Bach: St John Passion (CD Review - Presto Classical, 2013)

I seem to spend a lot of time in these newsletters enthusing about new discoveries, revived rarities or fresh perspectives on well-known repertoire but today I’m going to evangelise (pun intended) about a very straightforward recording of a very familiar work. This new St John Passion from the Orchestra of the Age of Enlightenment and Polyphony doesn’t use a new or unfamiliar version of the score; it’s not taken from a staged performance (though the spitfire drama of the crowd-scenes sounds as if it might have been), and it doesn’t employ unusually large or small forces: it’s remarkable simply because it’s practically perfect in every way.

This is essentially a ‘traditional’ period-instrument performance, at standard baroque pitch and with the players of the OAE (on the best form I’ve heard them in years) numbering just over twenty. Notable recent recordings of the Passions have tended to be either super-sized (the Berlin Phil’s staged Matthew, which I reviewed around this time last year) or pared right back, Rifkin-style, with just a couple of singers on each part, often sharing solo duties too.

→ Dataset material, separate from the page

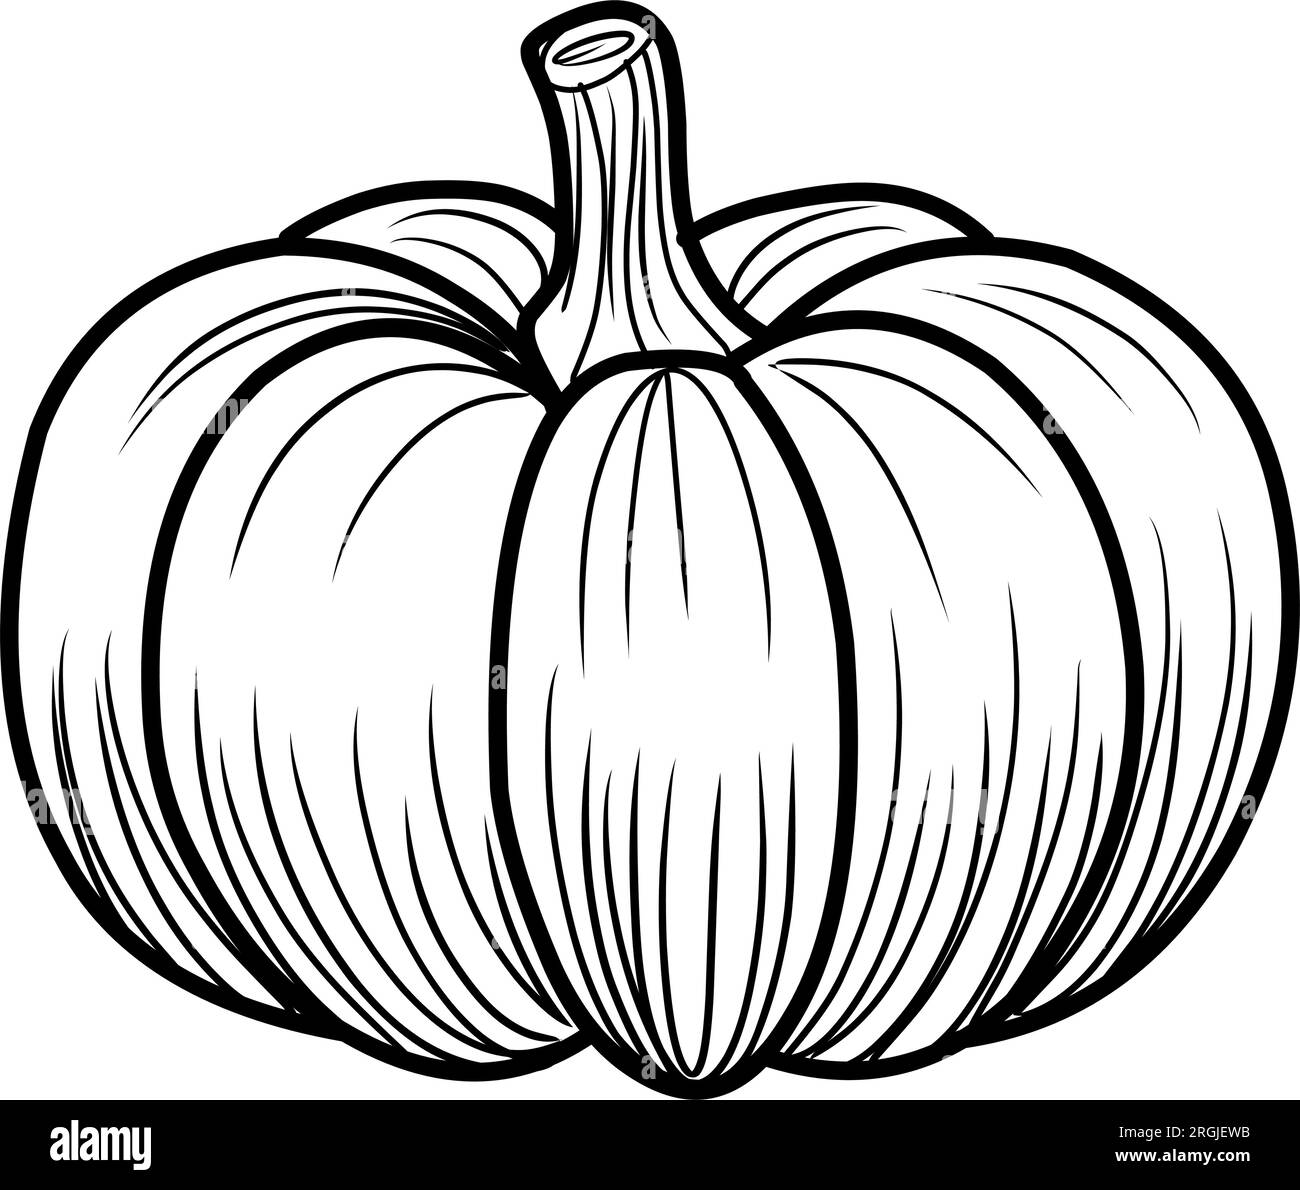 Coloring pagepumpkinautumn halloween thanksgiving day coloring book black and white linear illustration stock vector image art

Polyphony treads a middle ground, with thirty-odd mixed voices (the combination of male and female altos works beautifully, right from their pungent first entry in the hair-raising opening chorus) and the perfect mixture of character and blend: many of the (predominantly quite young) singers here already have fledgling solo careers underway and several have pretty sizeable voices, but there’s no grandstanding or intrusive vibrato anywhere and the smaller solo roles are all taken with panache. Where you can hear each individual voice, however, is in the baying crowd-scenes: every single singer seems to have a character here, and the cumulative effect, especially at Layton’s aptly frenetic tempi, is really quite terrifying. (Try ‘Lasset uns den nicht zerteilen’ – as the avaricious bystanders cast lots for Christ's cloak – with its percussive, vicious sibilants and see if you don’t agree!).

The gifts for story-telling and word-painting which have won Ian Bostridge such acclaim in German song also make him a superb Evangelist: no dispassionate observer, this volatile St John is capable of switching from righteous anger to barely-controlled grief in an instant and though he’s been singing the Passions for over a decade he still sounds as if he’s telling this familiar story for the first time. (Though the booklet doesn’t acknowledge it, he also takes the short aria ‘Ach, mein Sinn’ – usually allotted to the tenor soloist - with blistering vehemence).

The soloists, too, are all perfectly cast. Carolyn Sampson has to be one of the finest Bach sopranos around, with a clean, straight tone that has enough warmth and colour not to sound like an imitation-treble; Roderick Williams is grimly dramatic when summoning the hordes to Golgotha in ‘Eilt, eilt!’ and all tender humility in ‘Mein teurer Heiland’, whilst Nicholas Mulroy contrasts nicely with Bostridge and offers a spellbinding ‘Erwege’. But it’s Iestyn Davies who really takes the laurels. With never a hint of hootiness, absolutely no break between registers and seemingly limitless reserves of breath, his first aria (‘Von den Stricken’) is a marvel of control and line, and ‘Es ist vollbracht’ is just as good: the interplay between Davies and Richard Tunnicliffe’s weightless gamba obbligato is magical, and the triumphant allegro is one of the most vivid and exciting I’ve ever heard.

I often receive emails asking for recommendations of particular works, and the Passions tend to crop up rather a lot because there’s such a range of different approaches on offer: when it comes to the St John, ladies and gentlemen, I think we have a new winner.